▸ **Task**
From the first line to the last, copy the data exactly.

▸ **Dataset excerpt**
╔══

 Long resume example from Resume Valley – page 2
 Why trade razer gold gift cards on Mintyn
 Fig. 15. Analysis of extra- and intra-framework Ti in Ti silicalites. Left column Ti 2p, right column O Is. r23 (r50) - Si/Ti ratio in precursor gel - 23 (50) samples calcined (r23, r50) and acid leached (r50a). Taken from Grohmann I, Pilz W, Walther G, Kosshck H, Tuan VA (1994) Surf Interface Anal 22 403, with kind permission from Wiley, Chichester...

╚══

▸ **Task response**
 Long resume example from Resume Valley – page 2
 Why trade razer gold gift cards on Mintyn
 Fig. 15. Analysis of extra- and intra-framework Ti in Ti silicalites. Left column Ti 2p, right column O Is. r23 (r50) - Si/Ti ratio in precursor gel - 23 (50) samples calcined (r23, r50) and acid leached (r50a). Taken from Grohmann I, Pilz W, Walther G, Kosshck H, Tuan VA (1994) Surf Interface Anal 22 403, with kind permission from Wiley, Chichester...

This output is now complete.